A Tale of Two Proposals
Around the same time, we bid on a project where the homeowner had a serious drainage issue — her yard sat in a bowl, lower than the curbs on every side. Water had nowhere to go. She interviewed two contractors for the project, and the other contractor’s proposal was to run a network of French drains into a dry well that sat right next to the house, then install a sump pump to push the water out to the street.
We broke down that logic for her. The plan was to concentrate all the stormwater right next to her foundation—the place she least wanted it—and then rely on an electric pump to evacuate it. What happens during a thunderstorm when the power goes out? It was a disaster waiting to happen.
Our proposal was different. We installed rain gardens and subtle grading swales along the top of the property, intercepting water as it entered her property from uphill neighbors before it could reach the bottom of the bowl. We kept the height and routed it around the house, under the driveway, and into a series of rain basins. Eventually, using the natural grade, we got the water high enough to flow over the curb on its own. Our basins captured around 3” of rain before filling up and sending water to the street. This meant 95% of the water that falls throughout the year is kept onsite and NOT sent to the street. There were no pumps and no electricity — it was just gravity, water and soil doing what they do.
She never had flooding again. And a couple of years later, her downhill neighbor came over and mentioned that her own drainage problems had disappeared too — a benefit we hadn’t planned for, but which made sense once we thought about it. By managing water at the top of the watershed, we’d taken pressure off everything downhill.

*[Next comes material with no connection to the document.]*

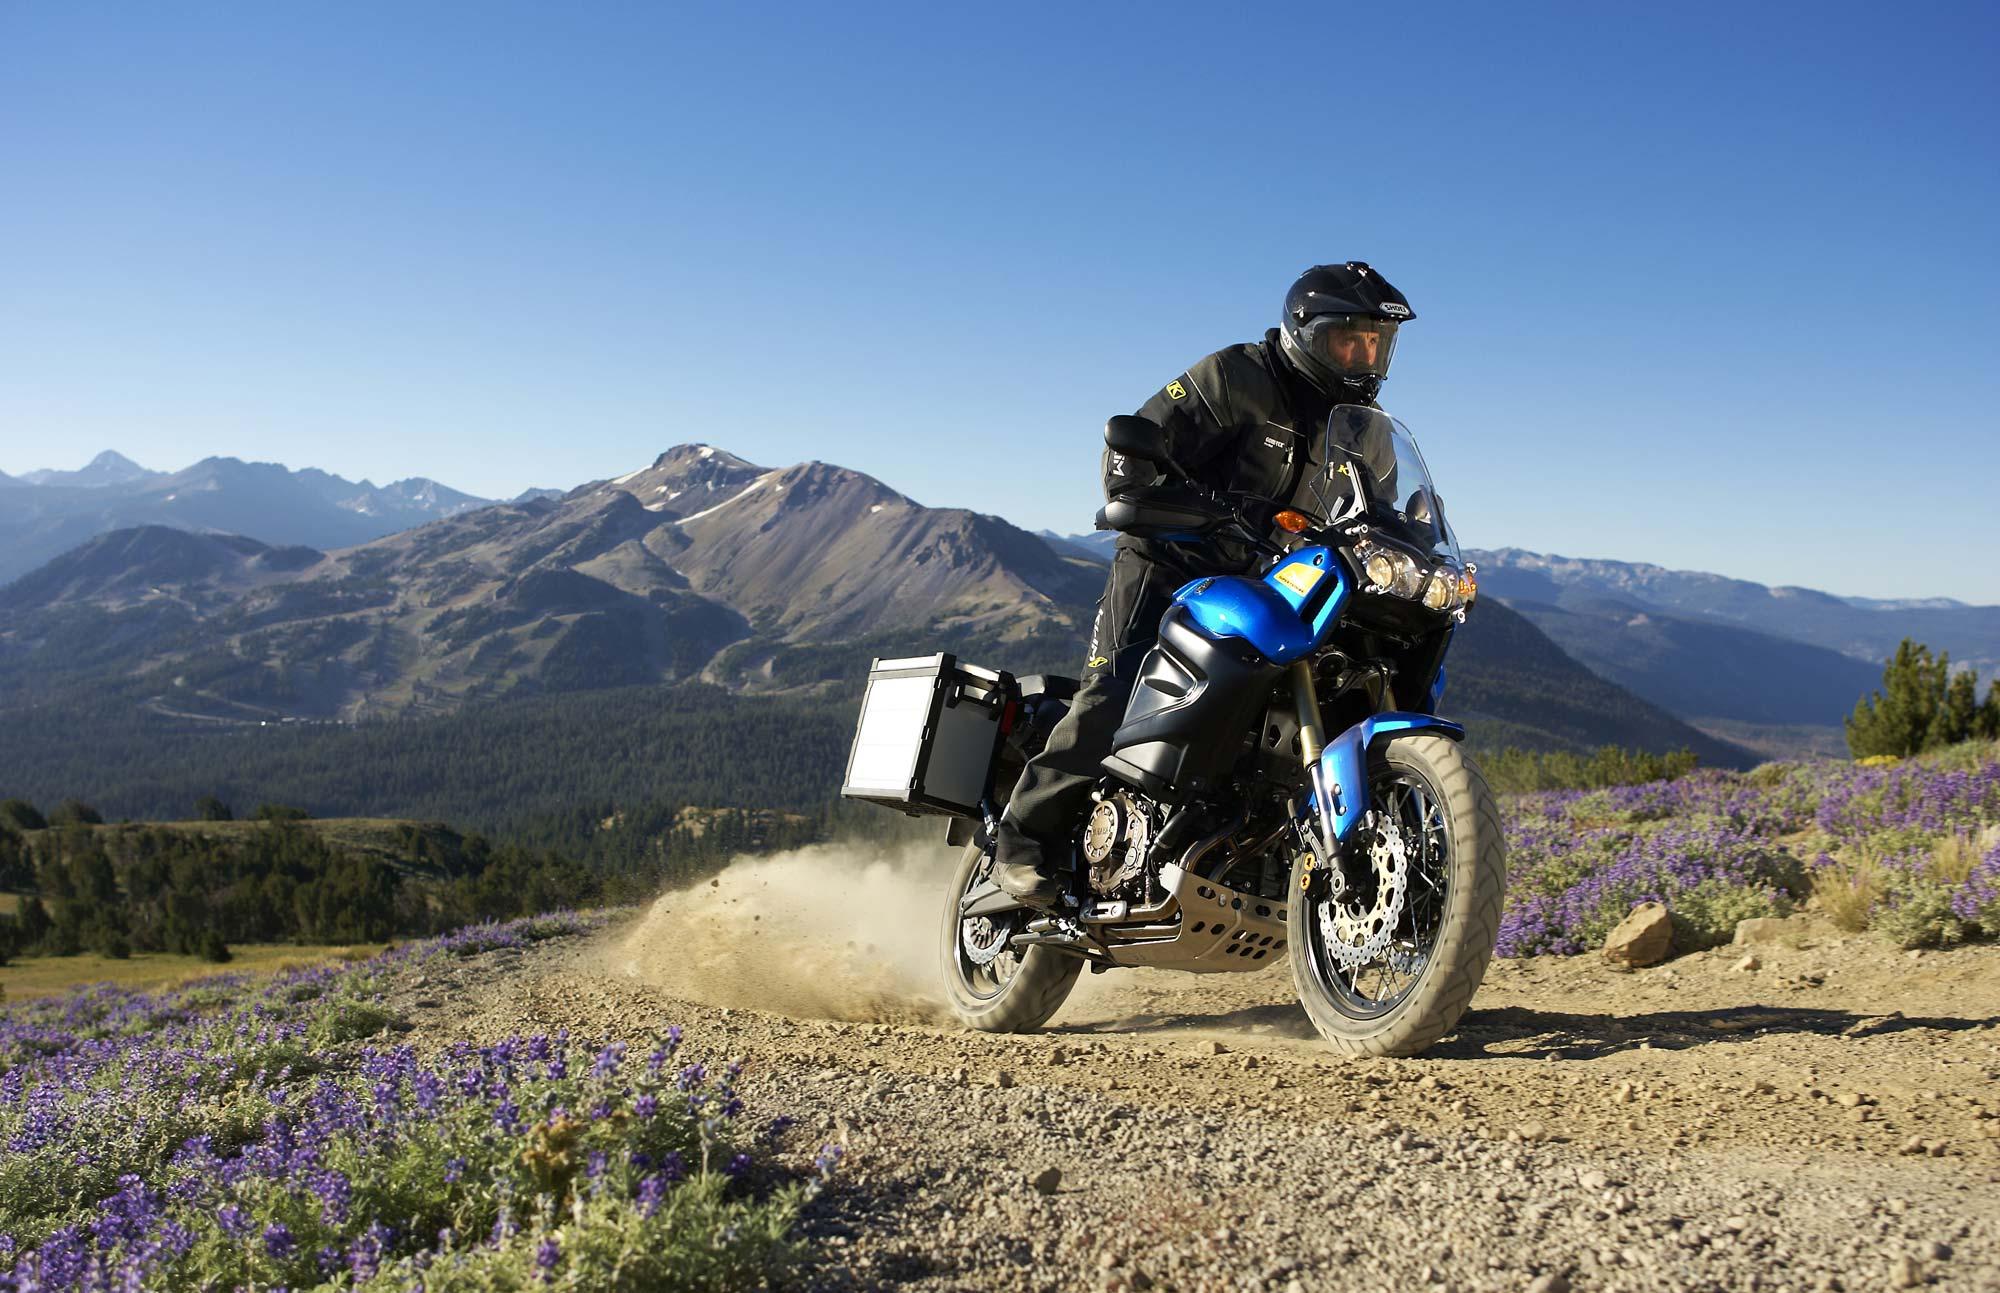 Technical Specifications of the 2012 Yamaha XT1200Z Super Ténéré:

The Macro Benefits of Microscale Infiltration
When enough properties manage their own water this way — even small properties — the effects compound. Flash flooding downstream is reduced. Stormwater infrastructure isn’t overwhelmed during big events, which matters a lot in a city like Asheville where the system is already stressed and the French Broad watershed carries everything we send it. Groundwater gets recharged, which helps vegetation survive and thrive during droughts. Pollinators get habitat. Native plants thrive. Municipal utilities are under less pressure.
There’s also growing evidence that keeping water in the landscape — instead of flushing it to the ocean — plays a real role in climate resilience, and may even cool things down at the local scale. Every rain garden, every swale, every infiltration basin is a small contribution to a healthier hydrology. And that’s the kind of resilience we need built into every property in Western North Carolina.

The Bonus Layer: Food
Here’s where it gets really interesting. The plants you put in a rain garden or along a swale don’t have to be ornamental. They can be productive. Fruit trees, nut trees, berry bushes, perennial herbs, perennial vegetables — all of these thrive in the kind of moist, well-drained conditions that infiltration features create.
We’re not suggesting you’ll feed your family entirely from your yard. But a few chestnut trees can produce a meaningful harvest. Blueberries and raspberries next to a rain garden mean fresh fruit in summer. Herbs near the kitchen door mean you’re walking outside to top off a salad instead of buying a plastic clamshell at the store. Harvesting becomes something you do with your kids on a Saturday. It’s food, it’s connection to your land, and it’s essentially free once the systems are in.

The Takeaway
Drainage doesn’t have to be a battle against water. With the right design, it becomes an opportunity to build a landscape that handles storms gracefully, weathers droughts better, supports pollinators and wildlife, takes pressure off public infrastructure, and even feeds your family. That’s not just drainage. That’s a productive landscape.